Fig. 3: Evolution of network topology of Notch-1/β-catenin in the primate lineage.

a Schematic diagrams demonstrate gradual evolution of network topology of the Notch-1/β-catenin axis in prosimians, simians, Hominoidae and Homininae. Note that sophistication of the topology parallels enhances signalling activity of the Wnt/β-catenin in higher primates. b Schematic diagrams (top) demonstrate gradual evolution of the network topology by recruitment of additional network motifs^76,77 into the existing circuitry of Notch-1/β-catenin axis. Evolution of the microRNA radically alters⁷⁸ the existing genetic network. Evolution of miRNA-4673 in Homininae generates a type-4 coherent feed-forward loop (C4-FFL) that amplifies activity of the Wnt/β-catenin (bottom). Simultaneously, inclusion of Notch-1 in a type-1 incoherent feed-forward loop (I1-FFL) formed by the miRNA reduces the signalling activity of the notch signalling pathway (bottom).

Evolutionary trajectory of miR-4673 targets mirrors structural maturation of the miRNA

To resolve evolutionary trajectory of the miRNA targets, we decided to expand the homology requirement beyond the established 6-mer seed region¹². We also expanded the homology region criteria to sequences that are positioned within the intronic, coding and the 5′-untranslated regions¹⁰. The miR-4673 homology regions (miR_HR) were defined based on sequence homology to miR-4673 (Homology_min > 68%), conserved [5′-GGCTCCTGCC-3′] consensus sequence (± strand) and [miR–miR_HR]^ΔG < −36 kcal/mol [see Methods]. The choice of consensus sequence [5′-GGCTCCTGCC-3′] was based on previous experiments that determined high affinity targets of miR-4673¹³. To trace global chromosomal coordinates of putative targets_, we used BLAST analysis of miR_HR against human genomic sequences (GRCh38). The analysis revealed non-random distribution of miR_HR in dense gene clusters associated with GC-rich H3⁺ (GC > 52%) isochores (Fig. 4). Homology regions were identified in coding sequences (CDS), untranslated exonic regions (5′ and 3′e-UTRs) and introns (i-UTR) of human miR_HR-coding genes in sense (miR_HR⁺) or anti-sense (miR_HR⁻) strands (Fig. 4). Genes signified by miR_HR modulated canonical and non-canonical Wnt signalling cascades³² (Fig. 5) as detailed in Supplementary Discussion 1. We concluded that miR_HR is a signature of a genic cluster whose protein products regulate the cytoplasmic availability of β-catenin as the main determinant of noise in the Wnt pathway (Fig. 5).

Fig. 4: Spatial and functional clustering of homology to miR-4673.

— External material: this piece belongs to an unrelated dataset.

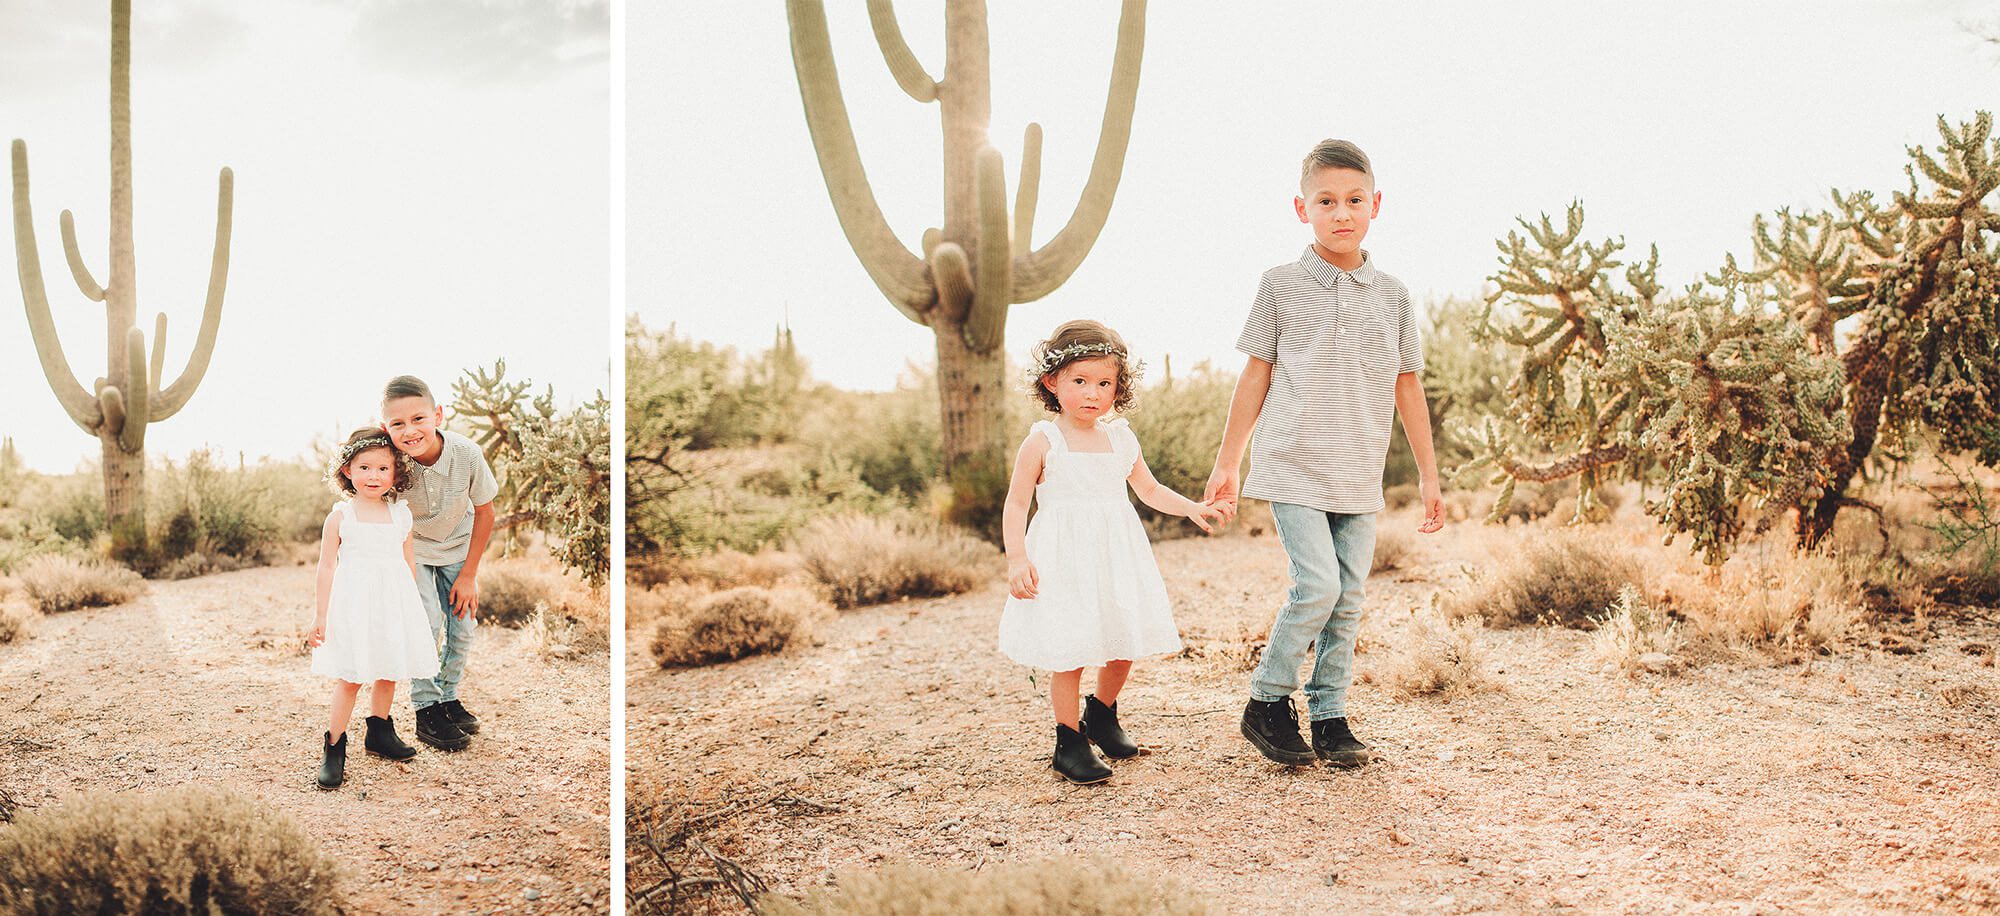 The Galindo children with the setting sun and a giant saguaro at their backs

Genomic distribution of miR-4673 interactome shows distinct gene clusters localised to H3⁺ isochores (middle circular diagram). The miRNA homology regions (miR_HR) were scattered in coding sequences (inner karyogram genes in black), 5′e-UTRs (inner karyogram genes in red), 3′e-UTRs (inner karyogram genes in green) and i-UTRs of human genes (outer karyogram). Sense and anti-sense directionality of (miR_HR) in the inner karyogram is designated as + and −. In the outer karyogram red circles indicate the genes with miR_HR in antisense direction to miR-4673. Genes with miR_HR signature are involved in regulating development of cardiovascular and nervous systems (inner diagram). These genes act as calibrators (tissue-specific modulators) of Wnt signalling by fine-tuning canonical and non-canonical modules of the cascade (see Supplementary Discussion 1 for detailed elaboration). The outer colour-coded layer designates the interactome genes to canonical Wnt and non-canonical Wnt/Ca²⁺, Wnt/PCP (planar cell polarity), Wnt/Autophagy (A.P.) and Wnt/Mitosis cascades.

Fig. 5: Functional mapping of genes bearing homology to miR-4673.

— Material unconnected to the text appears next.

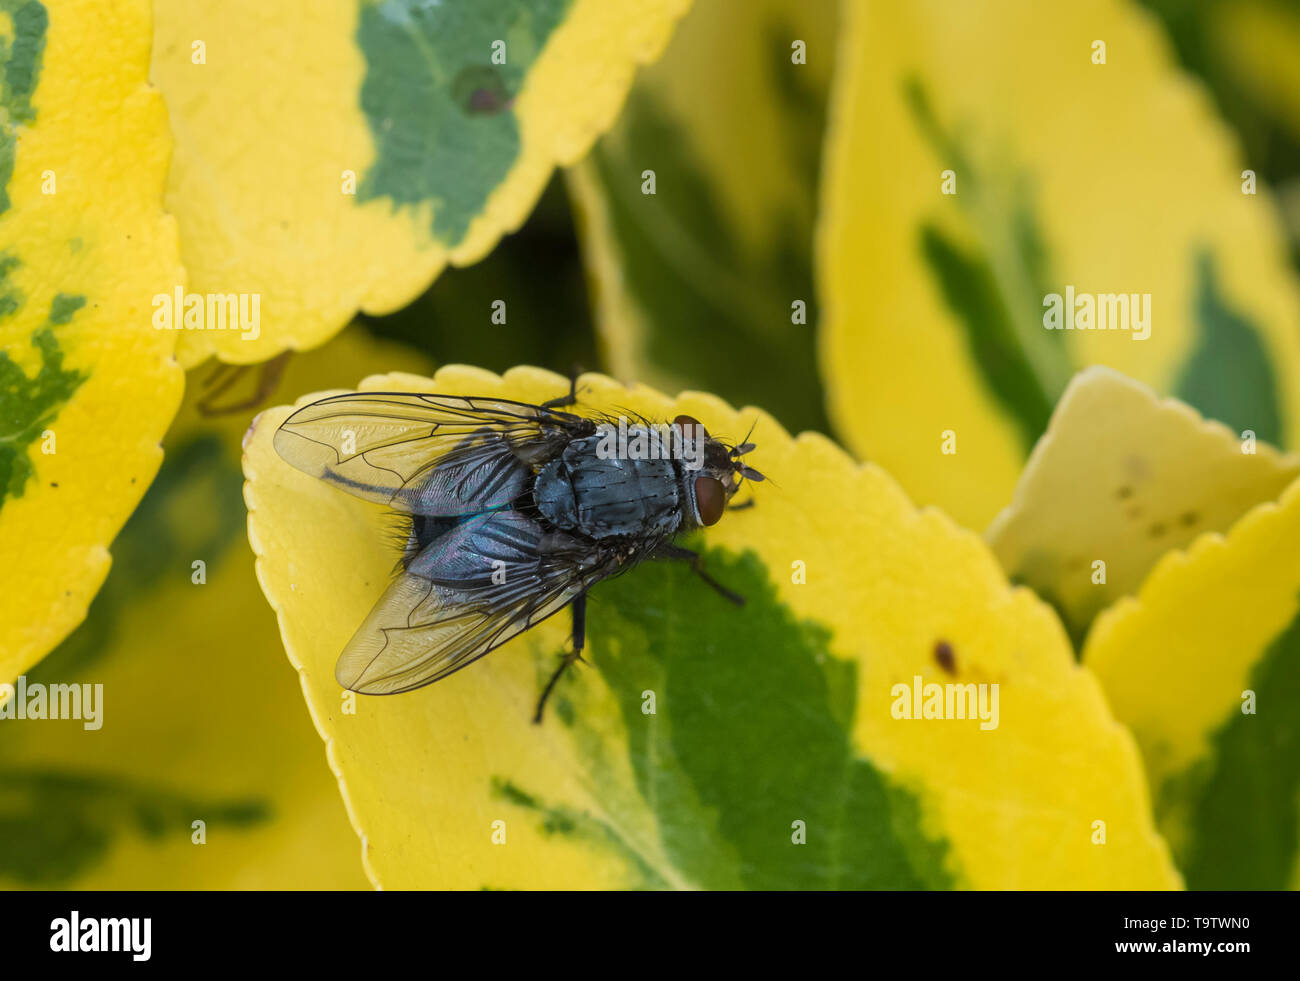 Top down view of a Calliphora vomitoria (Blue bottle fly or Bottlebee), a common blow fly on a Euonymus leaf in Spring in West Sussex, UK. Stock Photo

BioTapestry visualisation of the Wnt/β-catenin pathway and the associated modulators. Green boxes demonstrate genes that comprise the backbone of the Wnt/β-catenin pathway and that do not code miR_HR. The blue and red boxes are miR_HR-coding positive and negative regulators of β-catenin, respectively (detailed in Supplementary Discussion 1). Genes that code miR_HR are mainly involved in direct regulation of β-catenin. Indirect regulation of β-catenin occurs by modulating the stability of Cadherin-based junctions that in turn recruit β-catenin. Another major cluster of genes orchestrate calcium flux and hence the stability of cadherin-based junctions.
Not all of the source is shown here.